An interdisciplinary collection of essays on telepistemology—the study of knowledge acquired at a distance. The Robot in the Garden initiates a critical theory of telerobotics and introduces telepistemology, the study of knowledge acquired at a distance. Many of our most influential technologies, the telescope, telephone, and television, were developed to provide knowledge at a distance. Telerobots, remotely controlled robots, facilitate action at a distance. Specialists use telerobots to explore actively environments such as Mars, the Titanic , and Chernobyl. Military personnel increasingly employ reconnaissance drones and telerobotic missiles. At home, we have remote controls for the garage door, car alarm, and television (the latter a remote for the remote). The Internet dramatically extends our scope and reach. Thousands of cameras and robots are now accessible online. Although the role of technical mediation has been of interest to philosophers since the seventeenth century, the Internet forces a reconsideration. As the public gains access to telerobotic instruments previously restricted to scientists and soldiers, questions of mediation, knowledge, and trust take on new significance for everyday life. Telerobotics is a mode of representation. But representations can misrepresent. If Orson Welles's "War of the Worlds" was the defining moment for radio, what will be the defining moment for the Internet? As artists have always been concerned with how representations provide us with knowledge, the book also looks at telerobotics' potential as an artistic medium.
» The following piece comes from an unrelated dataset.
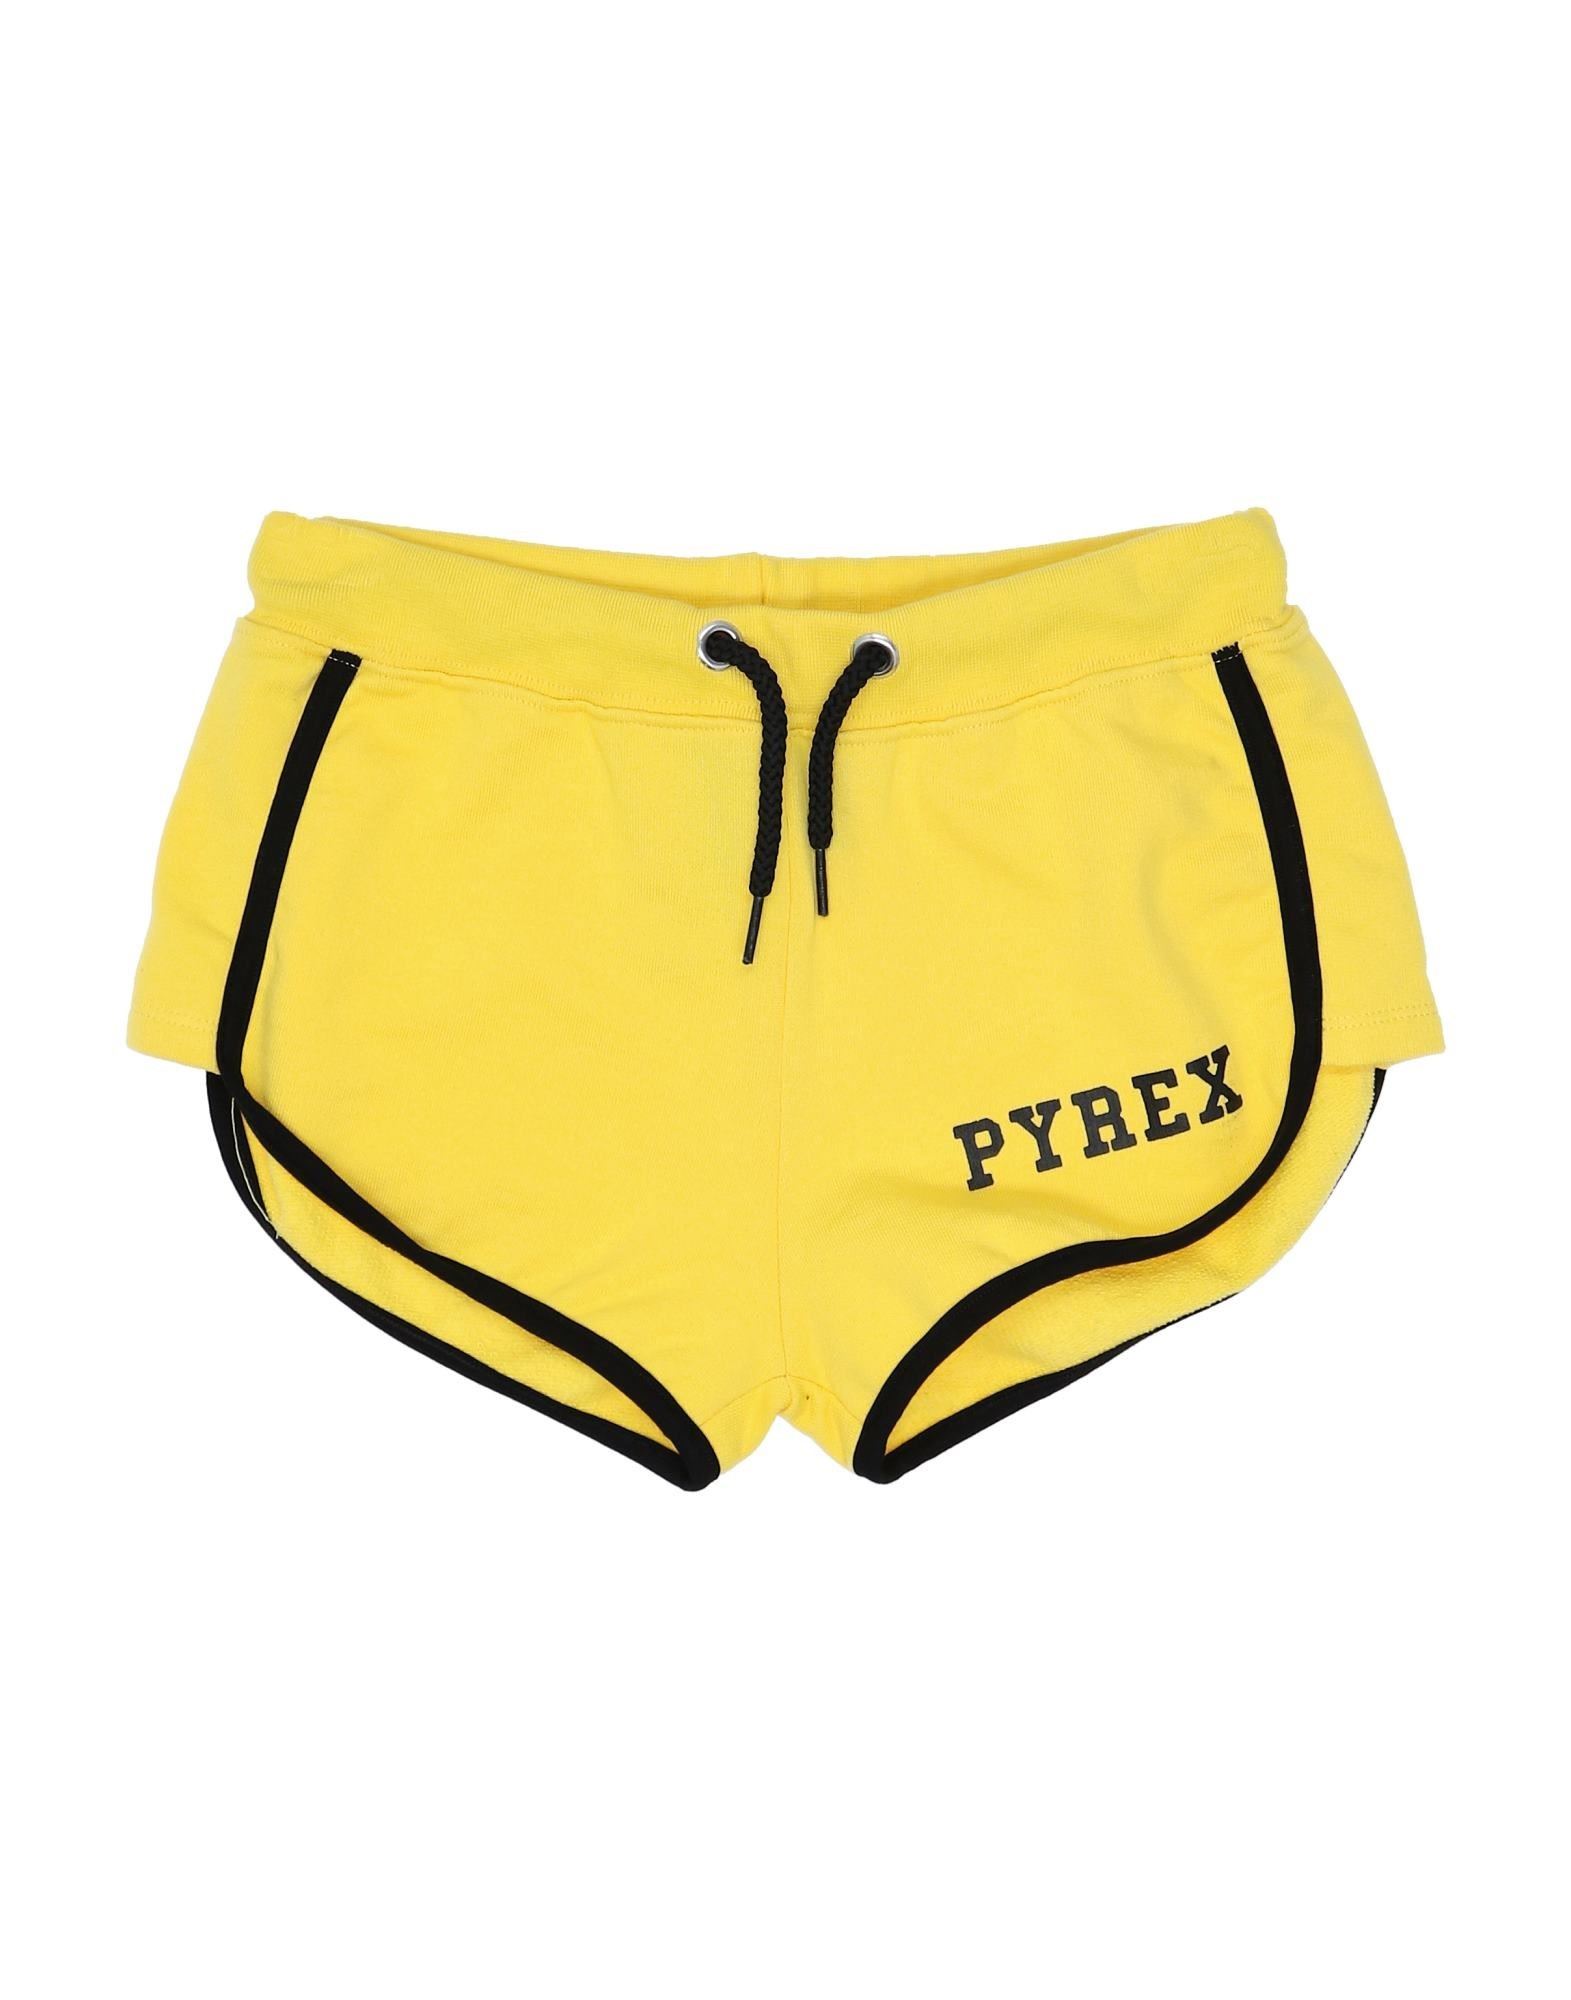 Pyrex Kids' Shorts In Yellow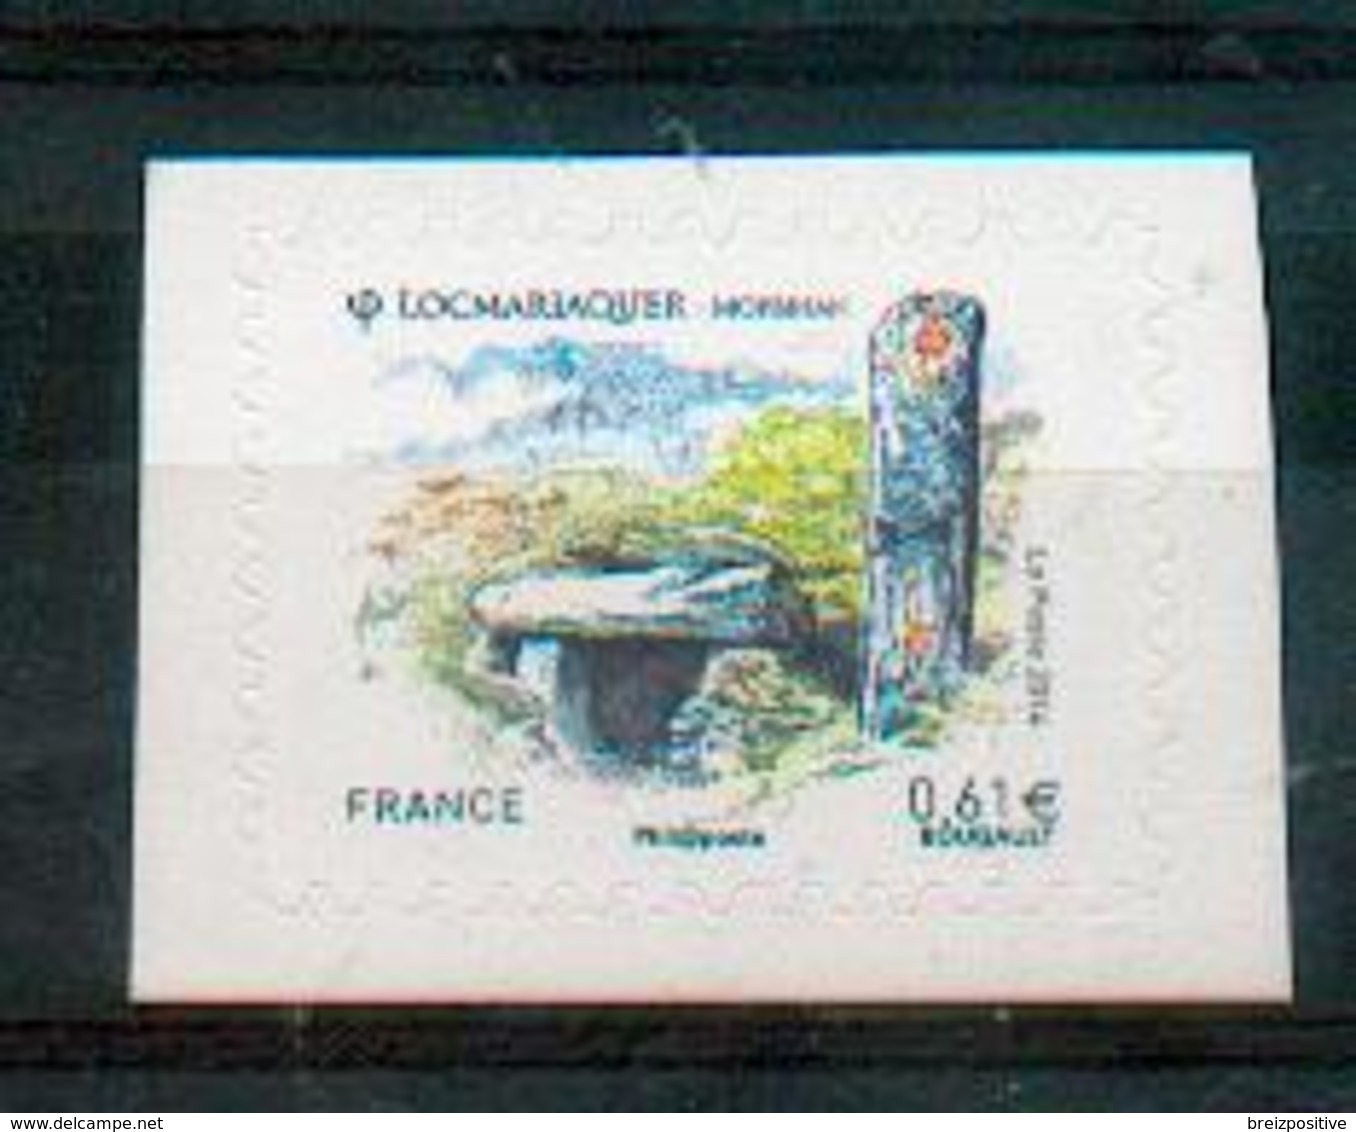 France 2014 - Locmariaquer, Morbihan, Bretagne / Brittany - Menhir And Dolmen - MNH - Archéologie

The seventeen essays, by leading figures in philosophy, art, history, and engineering, are organized into three Philosophy; Art, History, and Critical Theory; and Engineering, Interface, and System Design. Albert Borgmann, Tom Campanella, John Canny, Judith Donath, Hubert Dreyfus, Ken Goldberg, Alvin Goldman, Oliver Grau, Marina Gržinic, Blake Hannaford, Michael Idinopulos, Martin Jay, Eduardo Kac, Machiko Kusahara, Jeff Malpas, Lev Manovich, Maurice Merleau-Ponty, Eric Paulos, Catherine Wilson
Ken Goldberg teaches and supervises research in Robotics, Automation, and New Media in the Department of Electrical Engineering and Computer Sciences (EECS) at UC Berkeley. Ken holds dual degrees in Electrical Engineering and Economics from the University of Pennsylvania (1984) and a PhD from Carnegie Mellon University (1990). He joined the UC Berkeley faculty in 1995 and is Professor of Industrial Engineering and Operations Research, with secondary appointments in EECS, the School of Information, Art Practice, and the UCSF Dept of Radiation Oncology. Ken and his co-authors have published over 200 peer-reviewed technical papers on algorithms for robotics, automation, and social information filtering, and he holds eight U.S. patents. He is Editor-in-Chief of the IEEE Transactions on Automation Science and Engineering (T-ASE), Co-Founder of the Berkeley Center for New Media, Co-Founder and CTO of Hybrid Wisdom Labs, Co-Founder of the Moxie Institute, and Founding Director of UC Berkeley's Art, Technology, and Culture Lecture Series. Ken's art installations, based on his research, have been exhibited internationally at venues such as the Whitney Biennial, the Berkeley Art Museum, the SF Contemporary Jewish Museum, the Pompidou Center, the Buenos Aires Biennial, and the ICC in Tokyo. Ken has co-written three award-winning Sundance documentary films, "The Tribe", "Yelp", and "Connected: An Autoblogography of Love, Death, and Technology." He is represented by the Catharine Clark Gallery in San Francisco.
Ken was awarded the Presidential Faculty Fellowship by President Clinton in 1995, the National Science Foundation Faculty Fellowship in 1994, the Joseph Engelberger Robotics Award in 2000, and was elected IEEE Fellow in 2005.